Para empezar, aquella primera violencia desmoronó la autoridad, desmontó el estado.  ¿Cómo? En julio de 1789 fue asesinado el intendente de París. Muchos como él temieron correr la misma suerte y dimitieron, o abandonaron sus cargos; también lo hicieron recaudadores de impuestos, jueces, inspectores de policía y responsables del abastecimiento de cereales, lo que abrió un vertiginoso vacío de poder que urgía llenar. El hundimiento del estado borbónico “municipalizó” la revolución: muchos ayuntamientos actuaron como mini-repúblicas y –ansiosos por hacerse valer- subieron impuestos, arrestaron sospechosos, emitieron proclamas en nombre de la soberanía popular y –para frenar el caos- crearon fuerzas paramilitares. Cuando las elecciones municipales de febrero de 1790 establecieron en su lugar nuevos municipios, los recién llegados se consagraron con entusiasmo a ejecutar los decretos de la Asamblea. No era fácil: versaban sobre una infinita variedad de asuntos (tributos, elecciones, embargos eclesiales, límites de municipio, organizar la nacional…) que exigían invertir mucho tiempo y energía, y aplicarlos sumaba animadversiones vecinales a la tormenta de exageraciones, rumores y ataques violentos entre rivales reproducidos a diario en un sinfín de nuevas publicaciones partidistas, en las efervescentes discusiones en las casas de café y los clubes de las nuevas sociedades patrióticas. Todo ese coro infinito de voces acabó constituyendo un puñado de poderes paralelos que –aunque aportaban energía y apoyo al proceso revolucionario- también le traían desunión y polémica.

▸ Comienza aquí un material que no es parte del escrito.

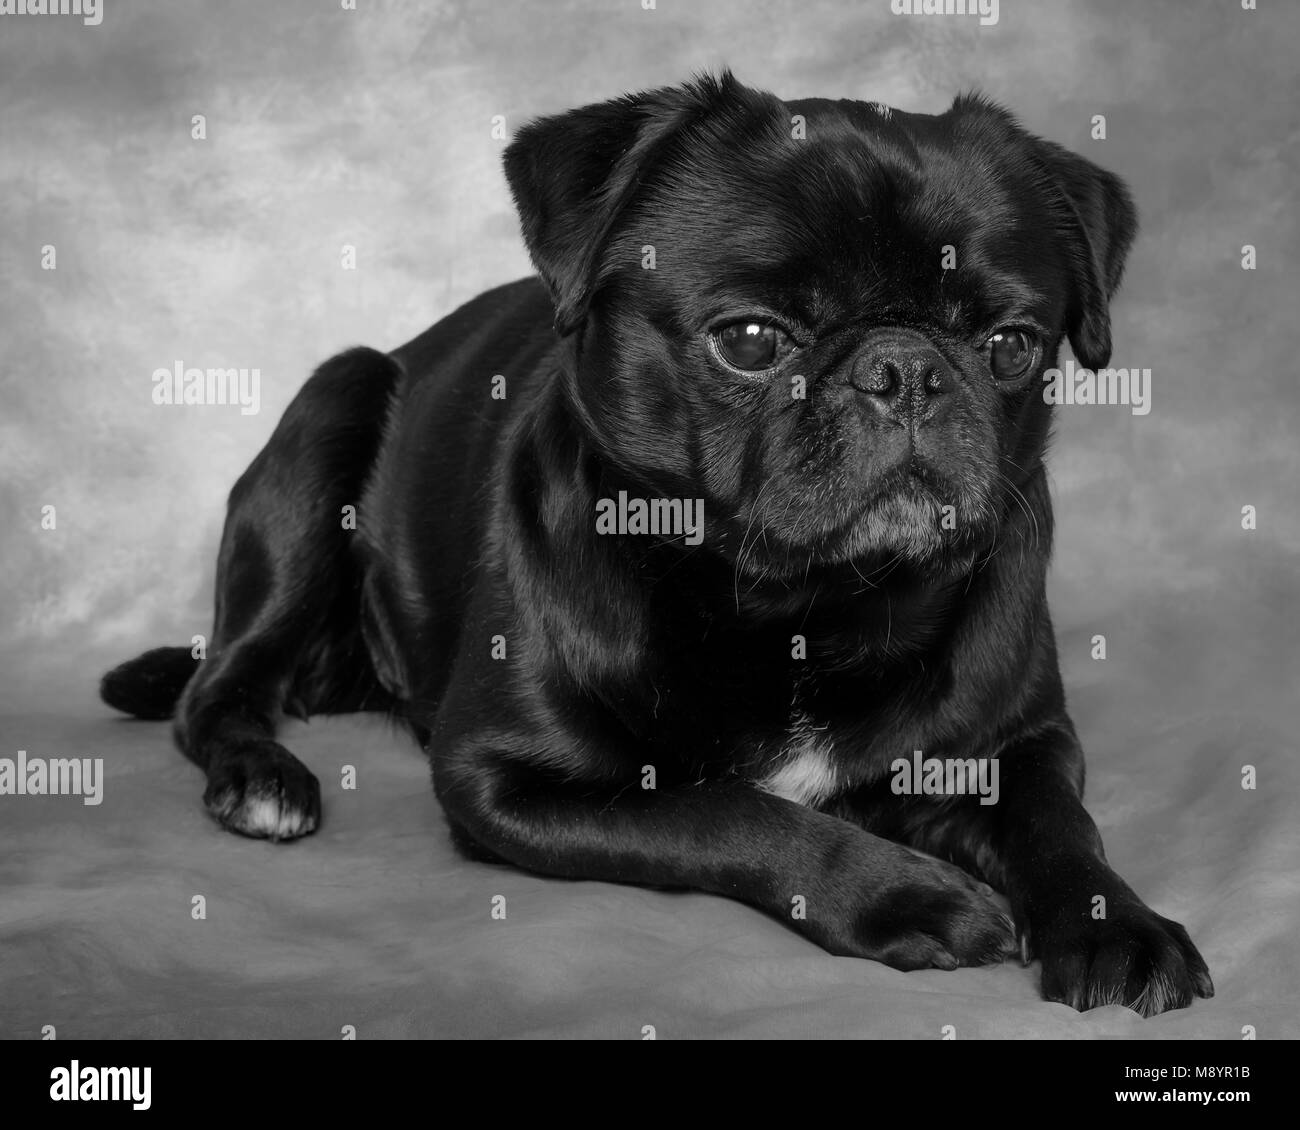 Schwarz & Weiß pet portrait Fotografie, hundeportrait, pug. Studio Fotoshooting für Haustiere, Hund, Fotografie, der beste Freund des Menschen, treu. Stockfoto

El ejemplo más claro de esa ruptura social fue el cisma religioso. La Asamblea Nacional Constituyente hirió la sensibilidad de muchos católicos: se negó a declarar el catolicismo como religión de estado, equiparó como ciudadanos a protestantes y judíos, expropió las tierras de la iglesia para subastarlas, eligió un pastor protestante como presidente y ordenó a todos los religiosos jurar la Constitución. Cuando la mayoría recusó la orden alegando que el estado debía respetar su independencia en materia espiritual y su lealtad al Papa, los diputados –poco sensibles a sutiles argumentaciones teológicas- entendieron la negativa como una traición política: el clero refractario fue visto como el motor del malestar social. La sociedad se quebró en dos, y todo ese barullo de discusiones de todo tipo tenía hirviendo en la olla de 1791 un caldo de cultivo –sazonado con todo tipo de rumores y el temor a una reacción nobiliaria que iba creciendo a medida que aumentaba el número y la calidad de los nobles emigrados-  sobre el que cayó como una maldición el intento de huida de la familia real.  

Diarios y correspondencias privadas muestran una cesura: tras la detención de la familia real en Varennes, a pocos kilómetros de los territorios del Emperador, hablan del rey en términos extraordinariamente duros. Le llaman traidor, mentiroso, perjuro en su promesa sagrada de respaldar la constitución. Su huida acentuó la espiral de habladurías: rumores extendiéndose cual reguero de pólvora de calle en calle mediante vendedores ambulantes, aguadores, panaderos y sirvientes domésticos que los simplificaban (para hacerlos inteligibles), o exageraban (para justificar su miedo). La omnipresencia del miedo y el rumor, afianzados en la emergente cultura de las denuncias, generó un círculo vicioso de sospechas y desconfianzas entre todos. La huida del rey había dado carta de naturaleza a todos esos miedos: hacía evidente la conexión entre los nostálgicos del absolutismo y las viejas monarquías europeas, y demostraba que ni unos ni otros estaban cruzados de brazos.